И в этот раз пробуждение Анастасии было плавным, тягучим, словно заварной крем. Однажды она видела, как кондитер-итальянец украшал торт, сдавливая конусы из промасленной бумаги, под которыми тут же появлялись розы, звезды и изысканные завитушки. Память возвращалась короткими всплесками, будто медленные и ленивые волны проносились в голове от берега к берегу…
Ах, какой же странный сон ей привиделся. Про злого волшебника, который заколдовал прекрасную принцессу, причем так ловко, что она даже сама руки подставляла, пока лиходей их веревкой скручивал. А потом колдун столкнул малышку в какую-то яму и летела несчастная красавица аж до самого центра земли. Ничего себе сказочка!
Девочка с трудом разлепила веки и уставилась в темноту. Неужто еще не рассвело? А ведь засыпала она, помнится, при свете дня. Долго спала. Вот отчего тело так затекло! Бывает такое, проснешься, а ни рук, ни ног не чувствуешь. Надо позвать нянюшку, пусть свечи зажжет…
Анастасия попробовала крикнуть и тут только поняла, что рот ей закрывает тряпица, перевязанная кожаным ремешком. Счастье еще, что пролито на нее было какое-то душистое масло, потому дышалось легко, но сквозь цветочный аромат уже пробивались чудовищные миазмы подземной реки.
Вспомнилось, как во сне колдун глумливо говорил принцессе: «Скручу тебя в венок и брошу в реку. Погадаю, что меня ждет!»
Так, выходит, не сон это вовсе?
Глаза ее начали привыкать к темноте. Анастасия покрутила головой и поняла, что лежит на кирпичном возвышении, а ноги полощутся в вялом течении, явно недостаточном, чтобы сдвинуть с места человека, пусть даже очень маленького, и утащить невесть куда, в страшное подземелье. Девочка рванулась раз, другой, но веревка держала крепко.
Проплакала она целый час. Может больше, а может и меньше. Поди разбери. Потом слезы кончились.
Анастасия решила, что нужно попытаться встать, хотя бы на колени. Легко сказать! Она барахталась и извивалась, стремясь освободиться от пут, стянувших руки и ноги. Но ничего не выиграла, только еще больше сползла в реку.
Невдалеке от ее головы капала вода, неспешно так, размеренно. Ритм все время менялся. Сперва в паузу между каплями с трудом можно было вставить даже два слова: «Отче наш». Потом чуть замедлилось, девочка уже успевала произнести мысленно целое предложение «Иже еси на небесех…» Кап. «Да святится имя Твое…» Кап. «Да пребудет царствие Твое…» Кап. Наконец, падение воды стало настолько редким, что в промежуток стала вмещаться уже вся молитва целиком. Тогда Анастасия начала считать после каждого прочтения, дошла до семидесяти двух, но тут капель прекратилась.

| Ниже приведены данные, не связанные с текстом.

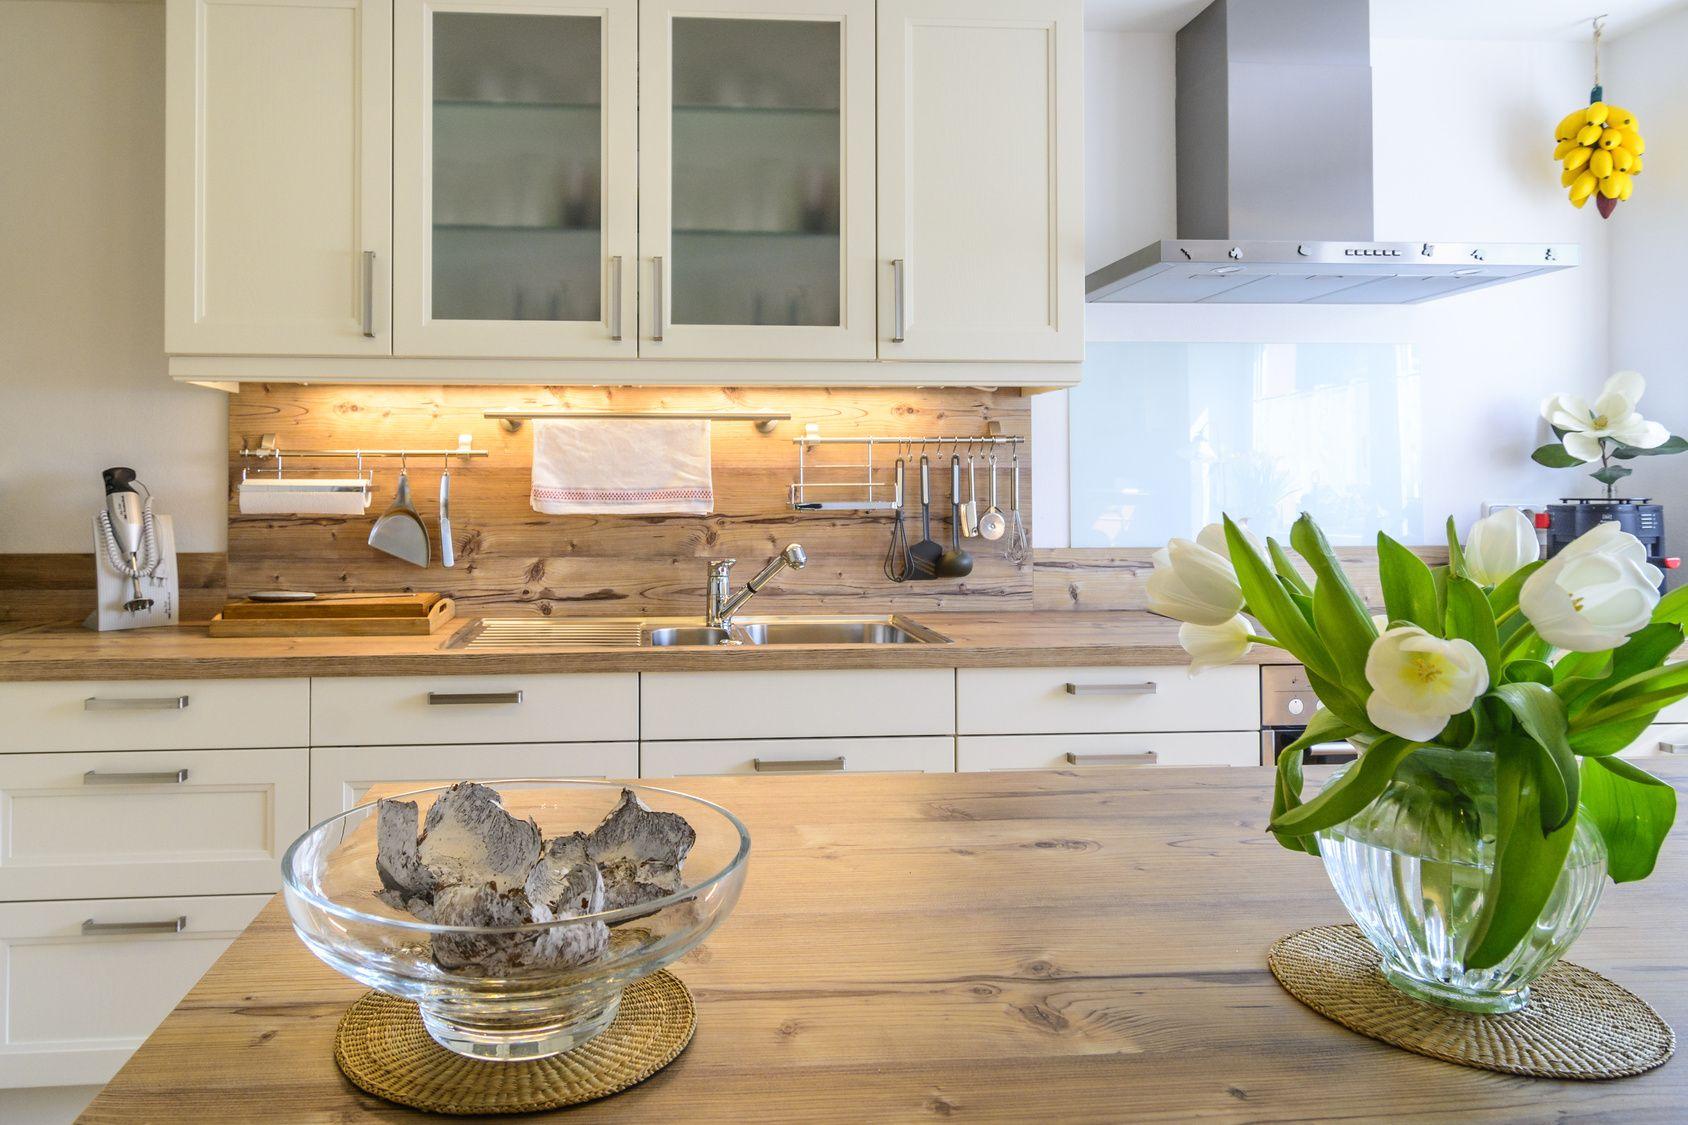 moderne landhausstilk che mit gro z giger k cheninsel traumhaus pinterest k cheninsel. Black Bedroom Furniture Sets. Home Design Ideas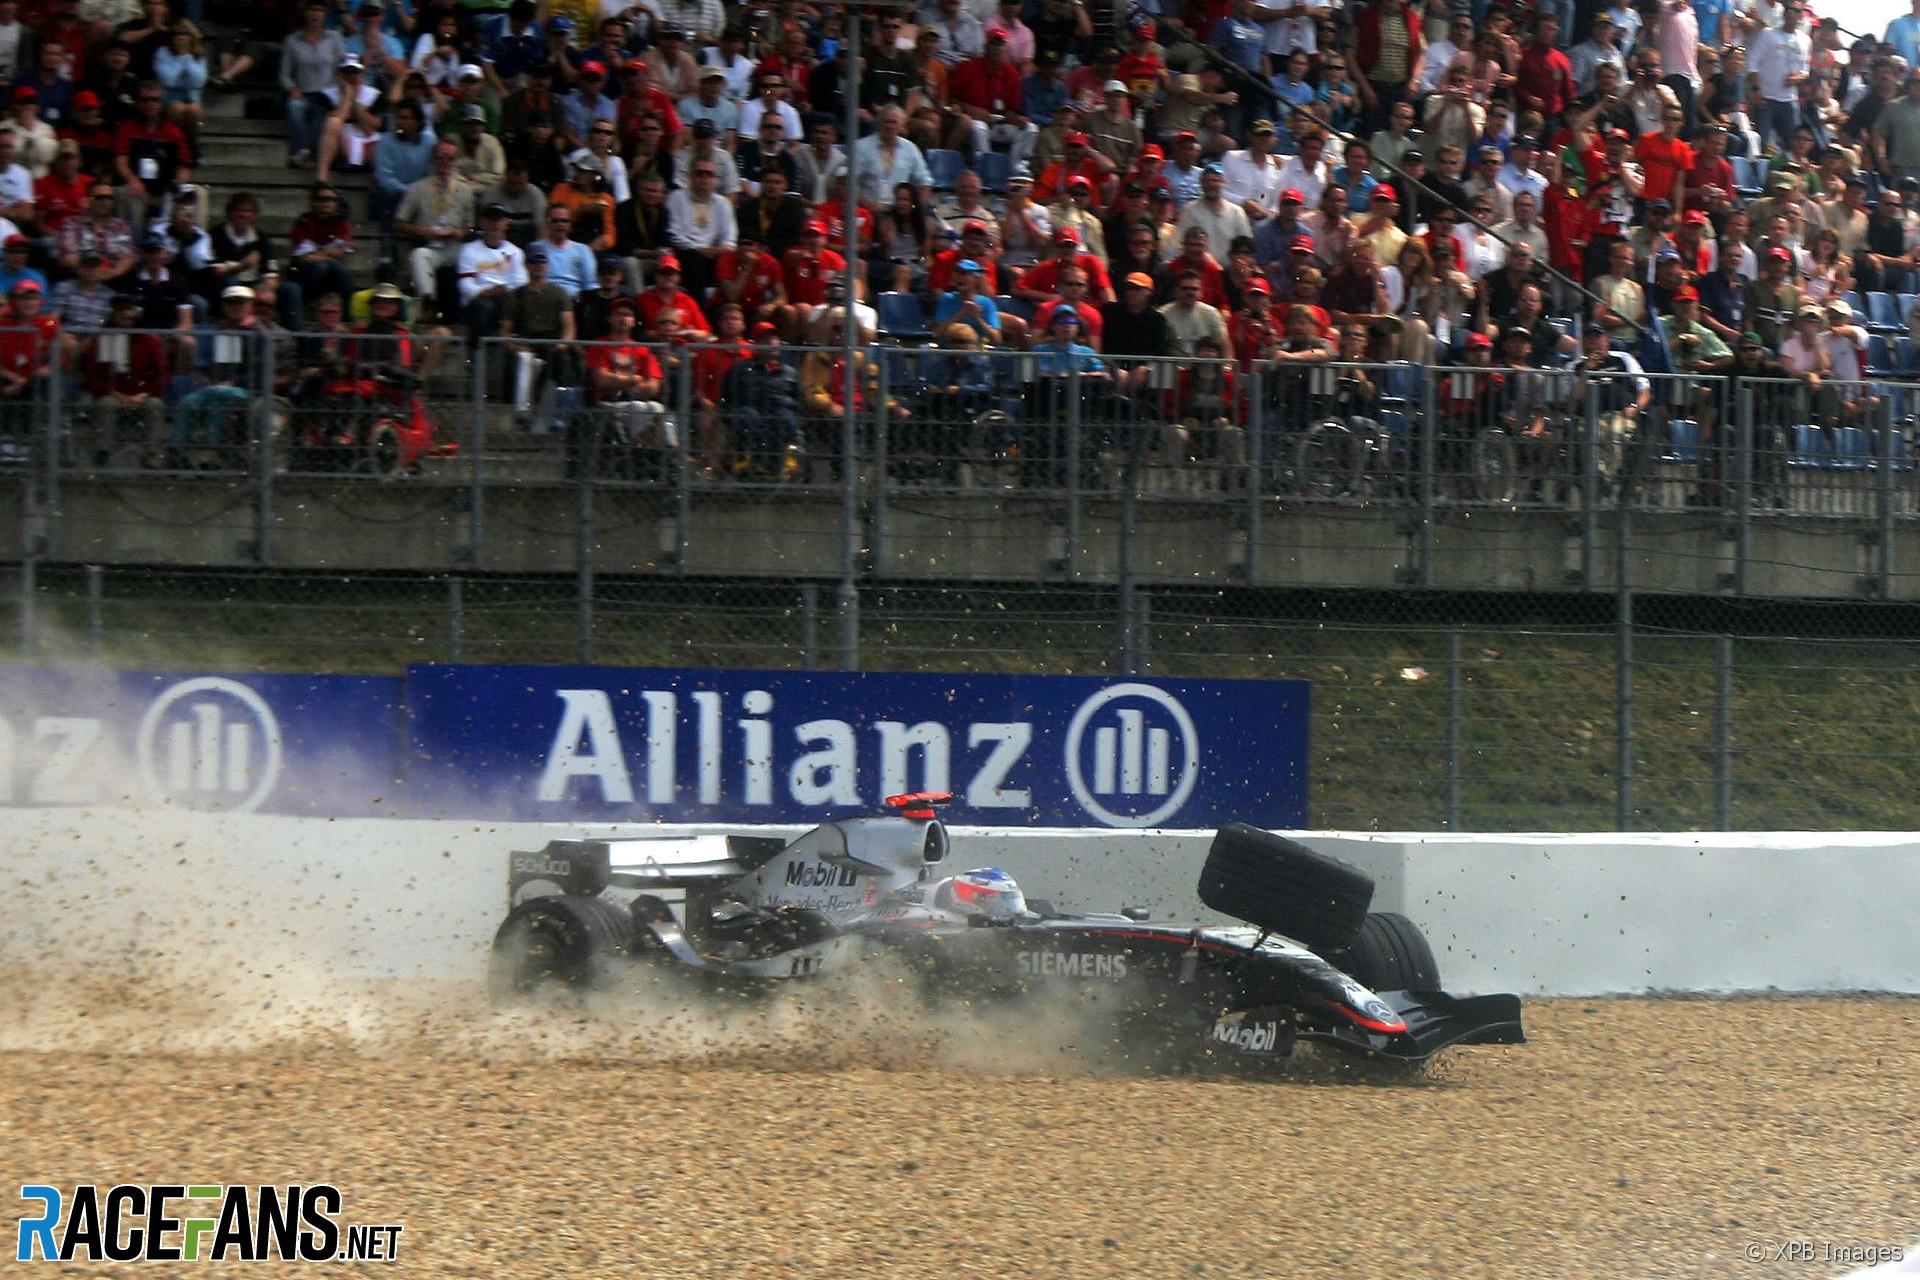 Kimi Raikkonen, McLaren, Nurburgring, 2005

Зато появился другой звук. Противный и, вместе с тем, пугающий. Пи-пи-пи. Пи-пи-пи! Вспомнилась святочная процессия, которую устраивало московское дворянство.
Полсотни саней скрипят полозьями, музыканты играют веселенький мотив, мальчишки барахтаются в снегу. Анастасию везли на большом деревянном гусе, расписанном под хохлому и украшенном красными лентами. А вечером в домашнем театре разыгрывали сказку про Щелкунчика. Маленький Павлуша пищал так же тоненько, изображая Мышиного короля, а гости смеялись.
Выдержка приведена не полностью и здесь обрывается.